As described elsewhere,35 six tandem nsLTP gene pairs on the distal region of rice chromosomes 11 and 12 were presently found to be in collinear order. However, only five gene copies were preserved in the corresponding region of sorghum chromosome 8, and only one truncated gene in chromosome 5. Even though this segmental duplication was supposed to have appeared at least 50million years ago, the highly similar sequences between each collinear gene pair enable them to fall within the same phylogenic branch (Fig. 3B), as the alignment of coding sequences displayed an identity of >98%. The high sequence similarity between the collinear gene pairs on the genomic locus included both the coding and flanking regulatory sequences (Fig. 3C). Because non-coding regions generally evolve rapidly after duplication, the high sequence homology at this locus between rice chromosomes 11 and 12 strongly supports the existence of gene conversion events, as previously described,34 which means that this cluster of nsLTP genes on rice chromosomes 11 and 12 have undergone concerted evolution for more than 50million years. However, the sorghum genome fragment the nsLTP genes appears to be inverted on chromosome 8, and thus may have escaped the chance of recombination with the homoeologous region on chromosome 5.

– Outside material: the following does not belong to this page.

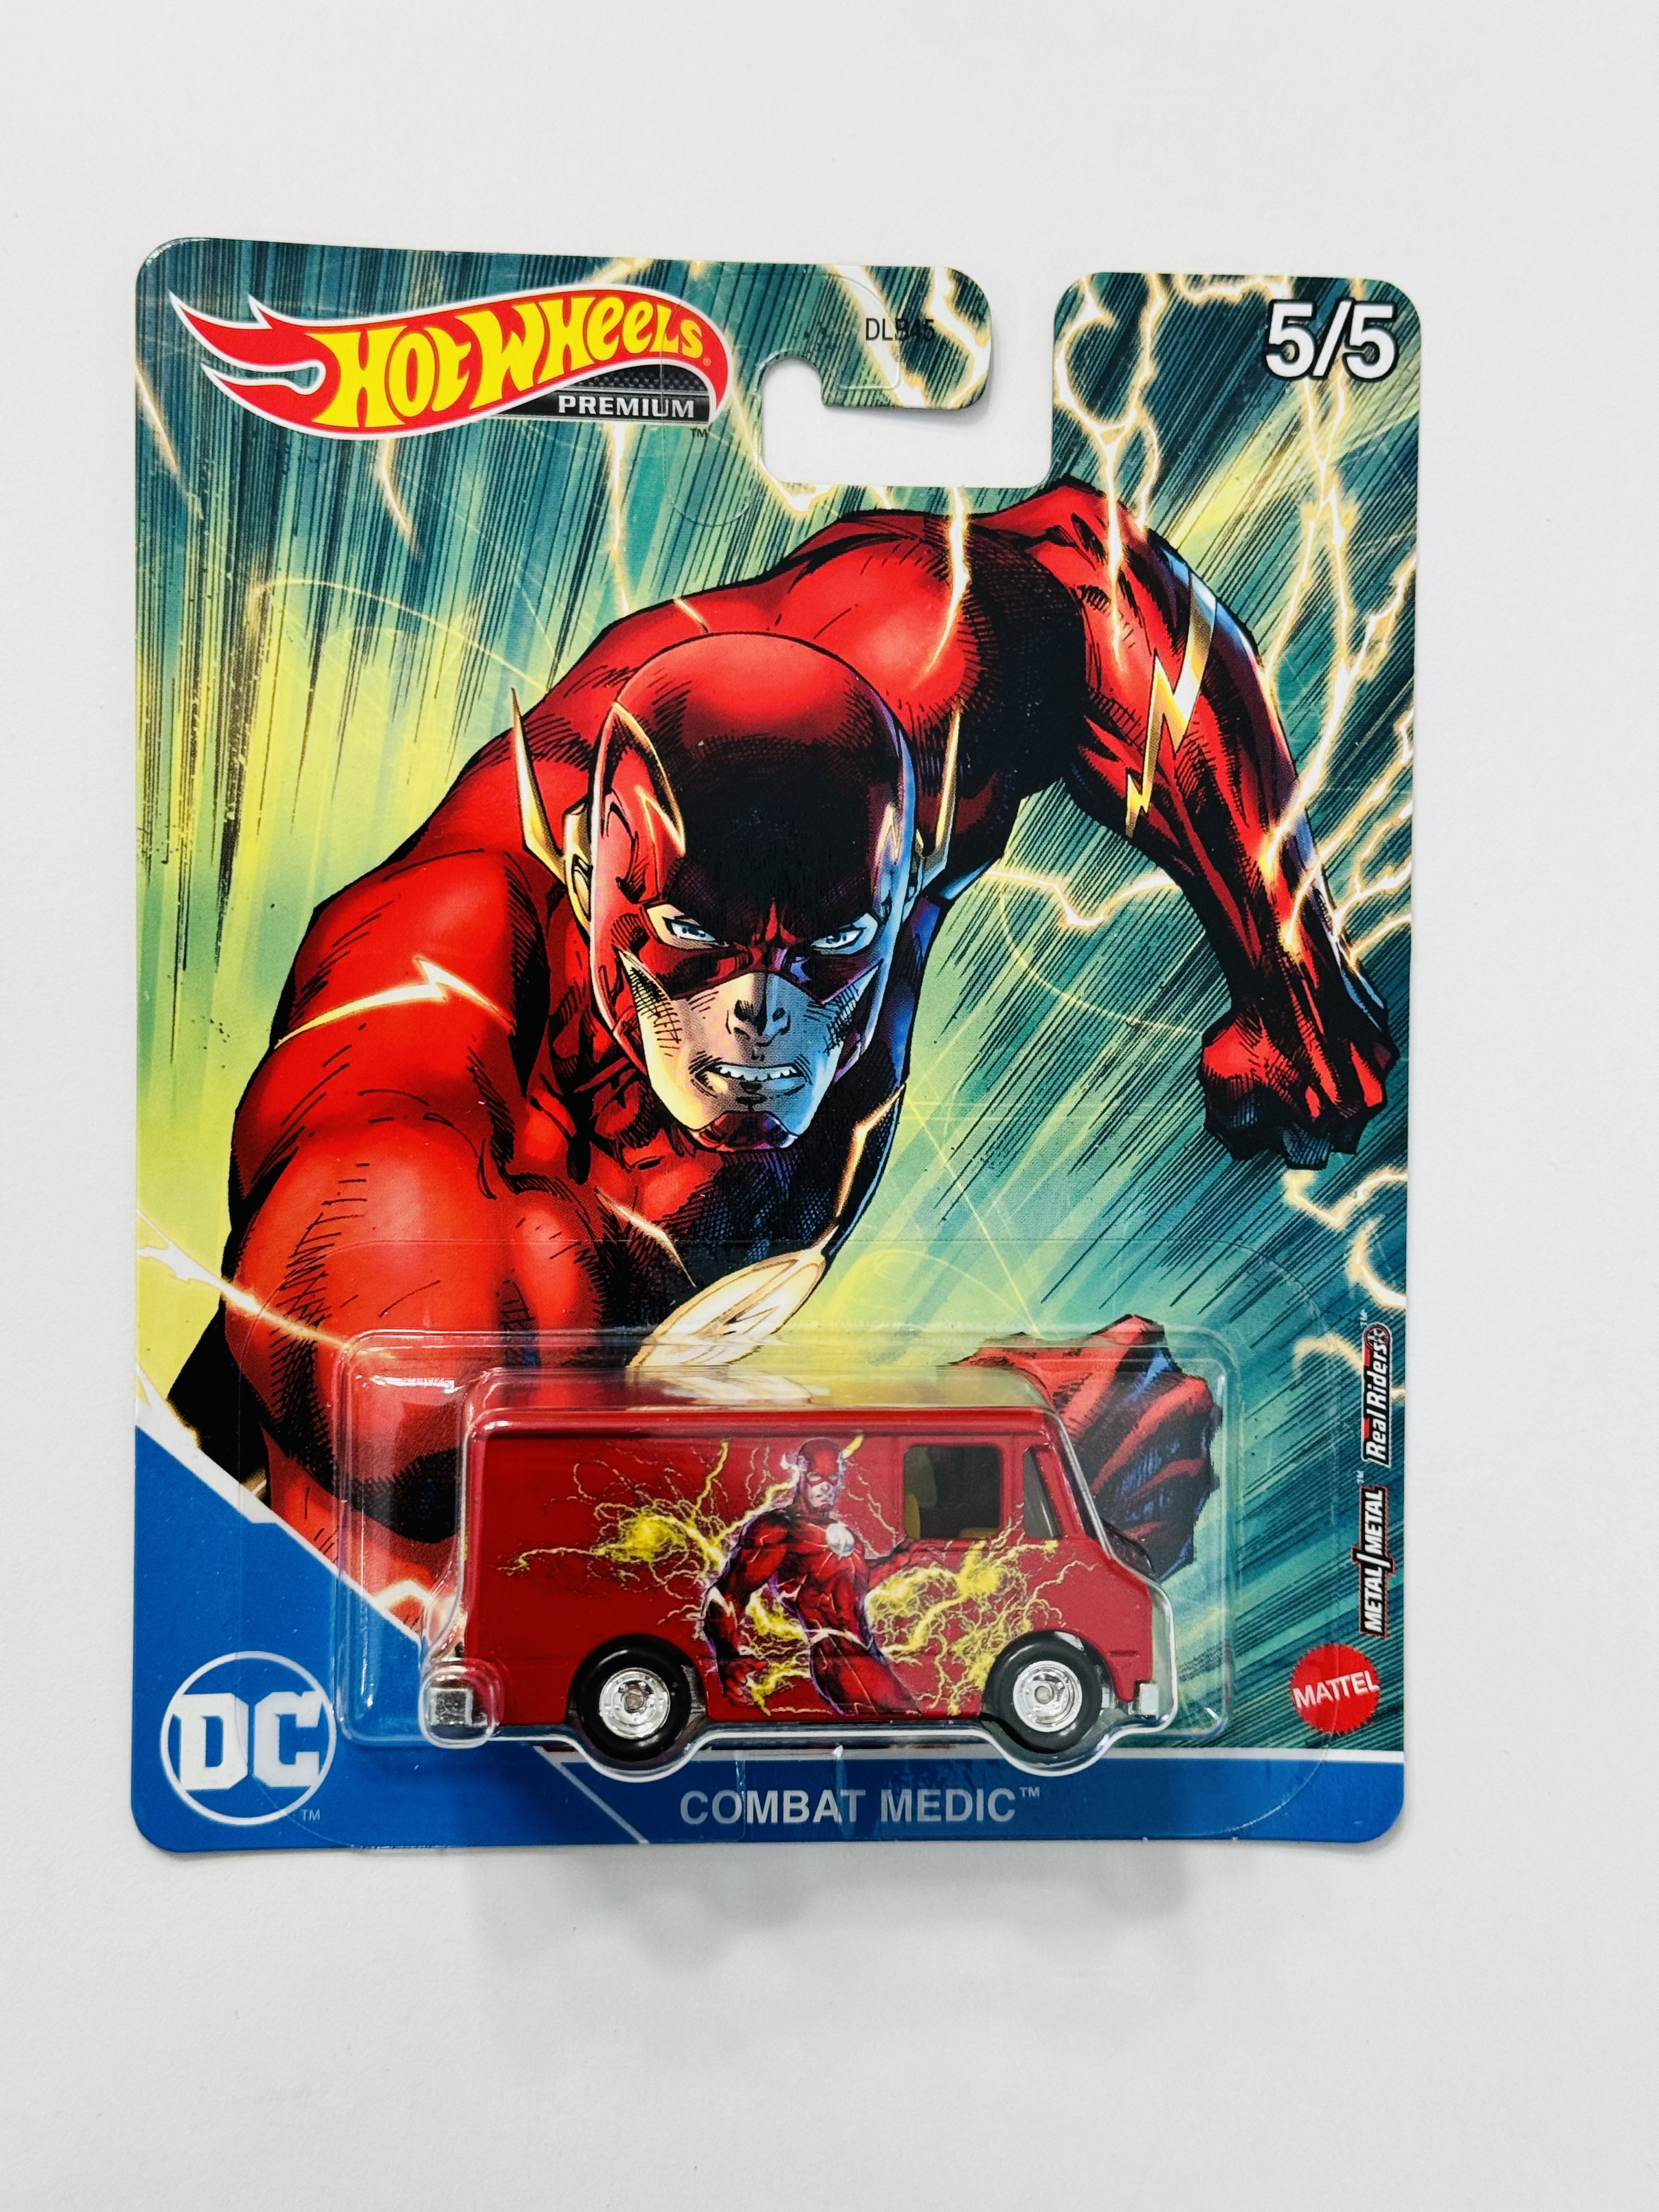 Hot Wheels Premium DC Comics The Flash Combat Medic

Expression and possible functions of nsLTPs

According to our analysis of the public rice microarray data, the most abundant nsLTP expression can be attributed to type I nsLTPs, especially in clade I.1, which might have undergone concerted evolution. The systematic examination of transgenic promoter activities of this type nsLTPs also evidenced a broad expression profile during the entirety of the plant life cycle. In clade I.1, an expression feature related with the epidermis of aerial growing tissues, which was highly conserved in the young leaf/leaf primordia, wound site, and abscission zone, was observed for most rice and sorghum genes, even though the expression dynamics in each organ/tissue were also apparent. This expression feature is supported by previous studies, including nsLTPs, throughout dicot and monocot plants.5,13,18,23,36 By accessing the public microarray data in Arabidopsis, it was determined that similar expression patterns could be represented by the gene cluster in clade I.2, in which at least four genes, including AT2G15050, AT3G51600 (AtLTP5), AT2g38530 (AtLTP2), and At2g38540 (AtLTP1), should have preserved expression motifs in the shoot apical meristem or leaf primordial (Supplementary Fig. S4). This result is consistent with the recent transgenic promoter analysis including AtLTP1-6.13

The epidermal expression of young aerial growing tissue has been noted as one of the evidences correlating nsLTP to cutin synthesis, where the cuticular wax is usually localized.18 As anticipated, the parallel distribution of the cuticle and nsLTPs were detected at the abscission zone, guard cell, ovary epidermis, anther, stigma, embryo, and testa.30 Plants evolved the cuticle and stomata at the same time, and the presence of these structures as early as that of the gametophytes of moss and hornworts has been confirmed. Herein, both our phylogenic analysis and the observed expression conservation in type I support the association between nsLTPs and cutin synthesis. Additionally, the epidermis-specific expression could also indicate the involvement of nsLTPs in plant defence to protect young growing tissues against phytopathogen attack, as these peptides evidence intrinsic antimicrobial activities and their involvement in plant defence mechanisms has been demonstrated.6,14 Such a role was particularly consistent with the fact that most of the type I nsLTP genes were wounding-inducible, as revealed by both our transgenic promoter and RT–PCR analysis (Figs 4E1–13 and 6A).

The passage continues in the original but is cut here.